» **Dataset excerpts**:
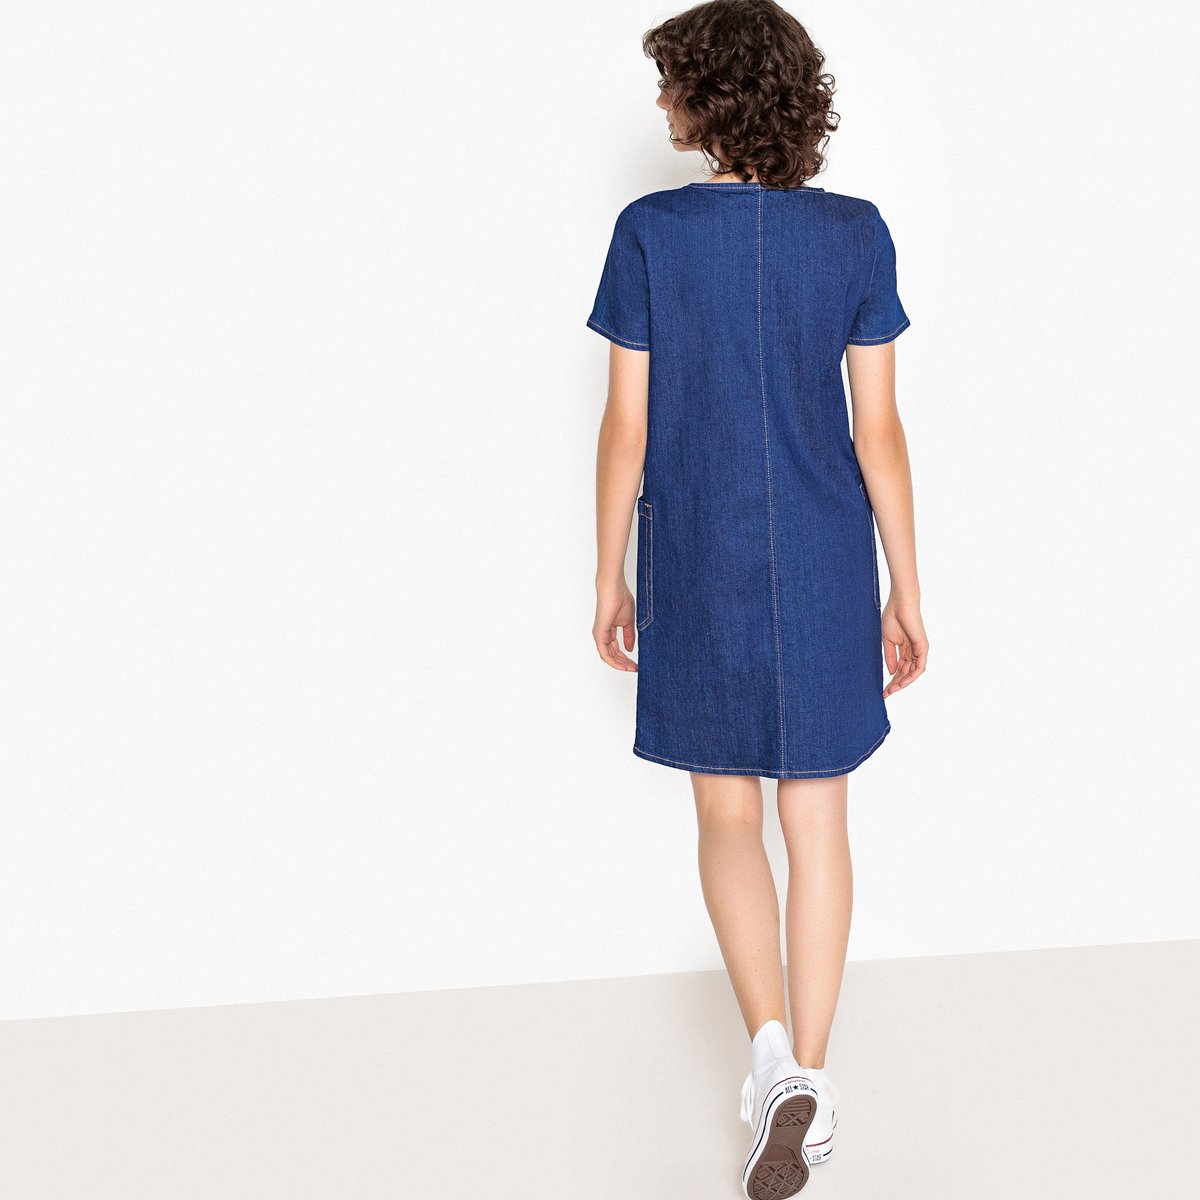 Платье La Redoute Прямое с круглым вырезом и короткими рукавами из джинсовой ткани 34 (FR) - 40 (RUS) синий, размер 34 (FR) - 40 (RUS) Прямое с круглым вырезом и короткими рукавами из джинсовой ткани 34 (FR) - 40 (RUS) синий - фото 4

--

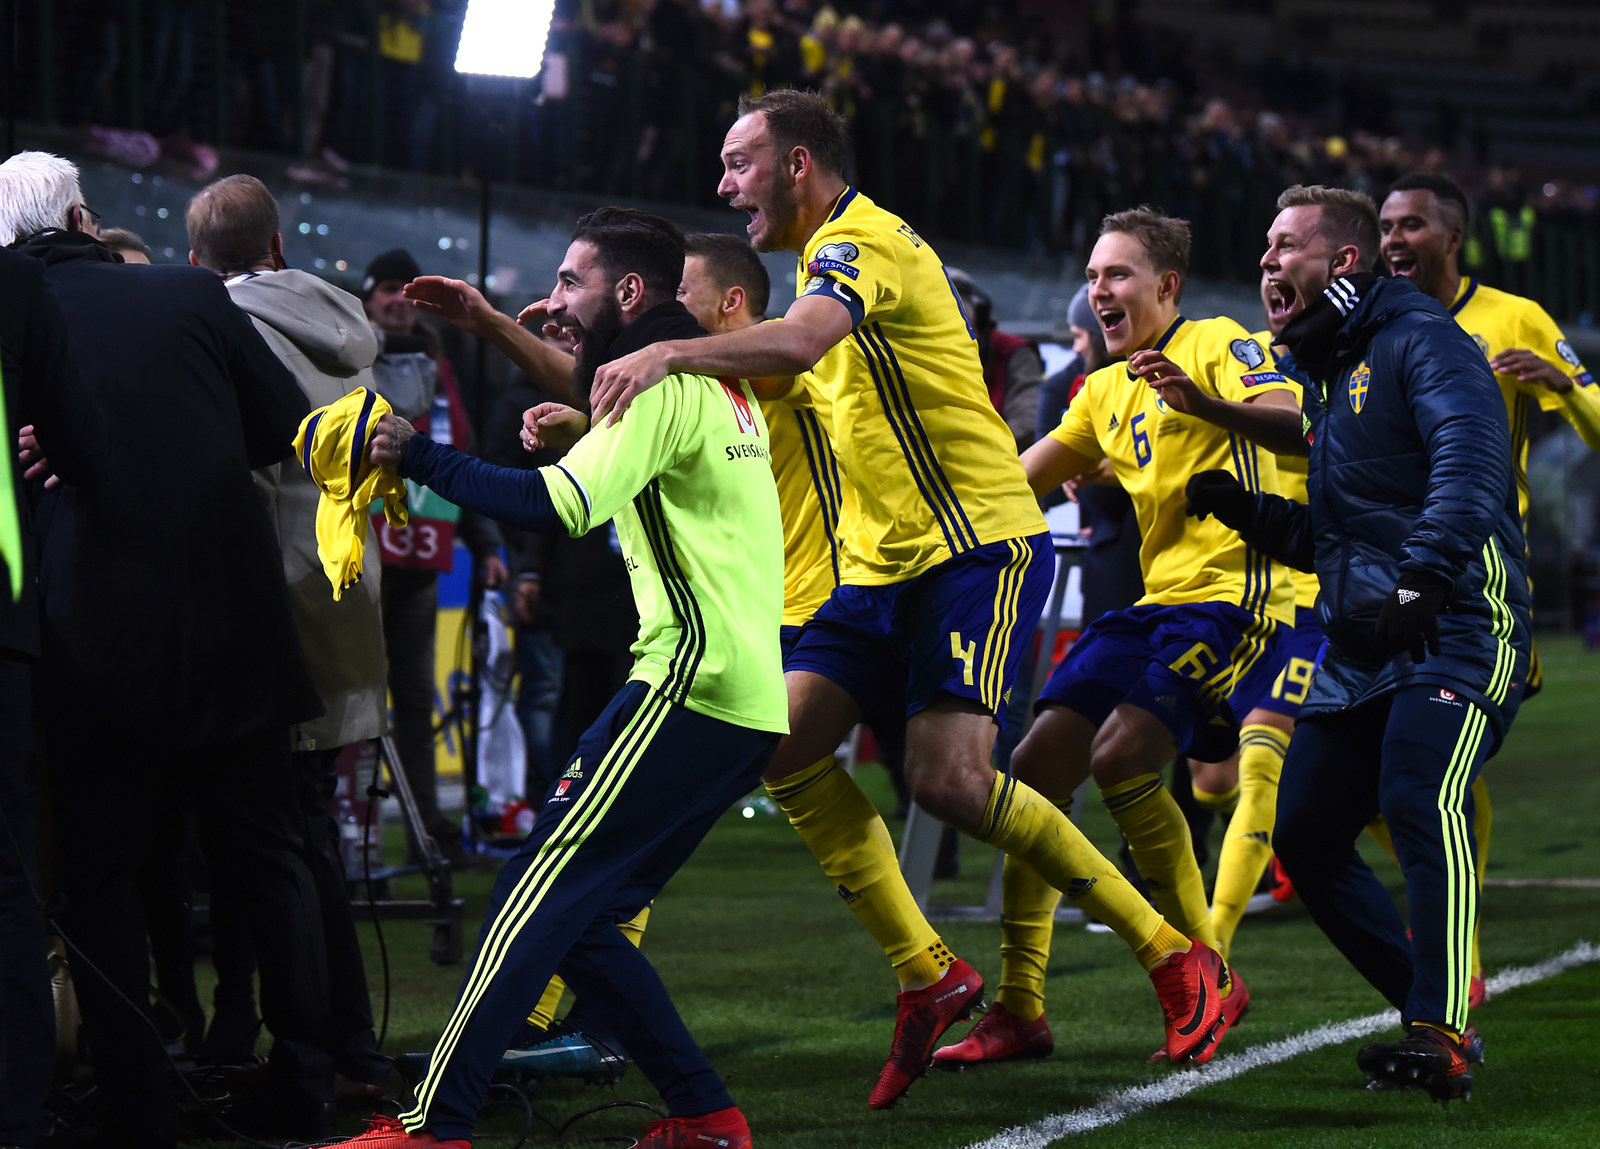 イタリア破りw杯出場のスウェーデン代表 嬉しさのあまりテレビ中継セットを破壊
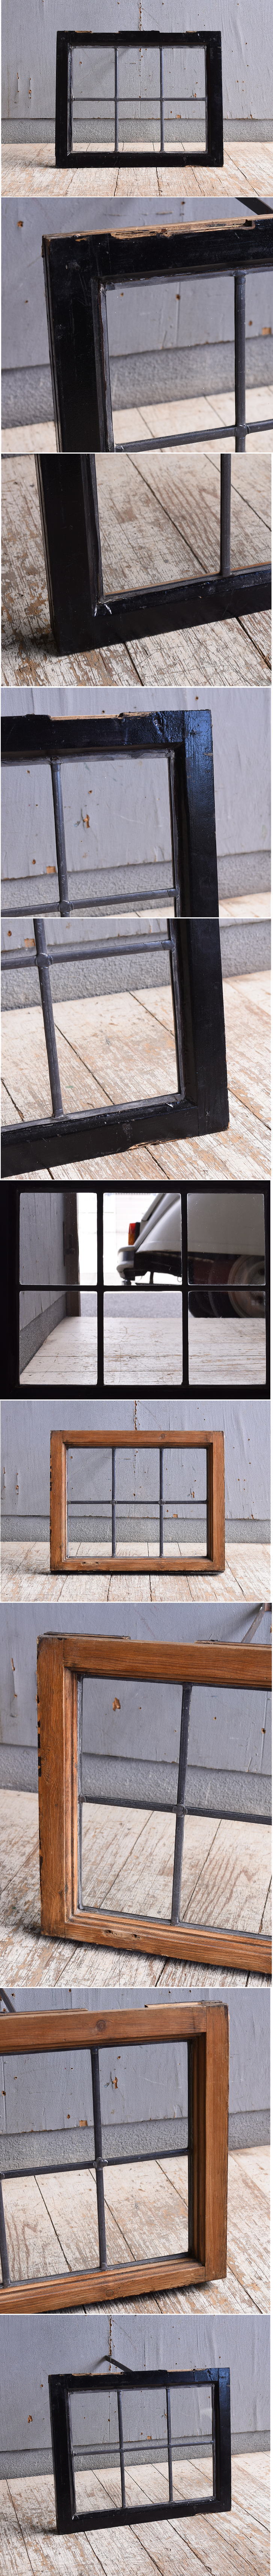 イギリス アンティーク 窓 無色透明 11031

» **Exercise aim**:
All that is wanted is the lines above between the one containing "イタリア破りw杯出場のスウェーデン代表 嬉しさのあまりテレビ中継セットを破壊" and the one containing "イギリス アンティーク 窓 無色透明 11031", inclusive, restated word for word, with pictures omitted.

» **Worked solution**:
 イタリア破りw杯出場のスウェーデン代表 嬉しさのあまりテレビ中継セットを破壊
 イギリス アンティーク 窓 無色透明 11031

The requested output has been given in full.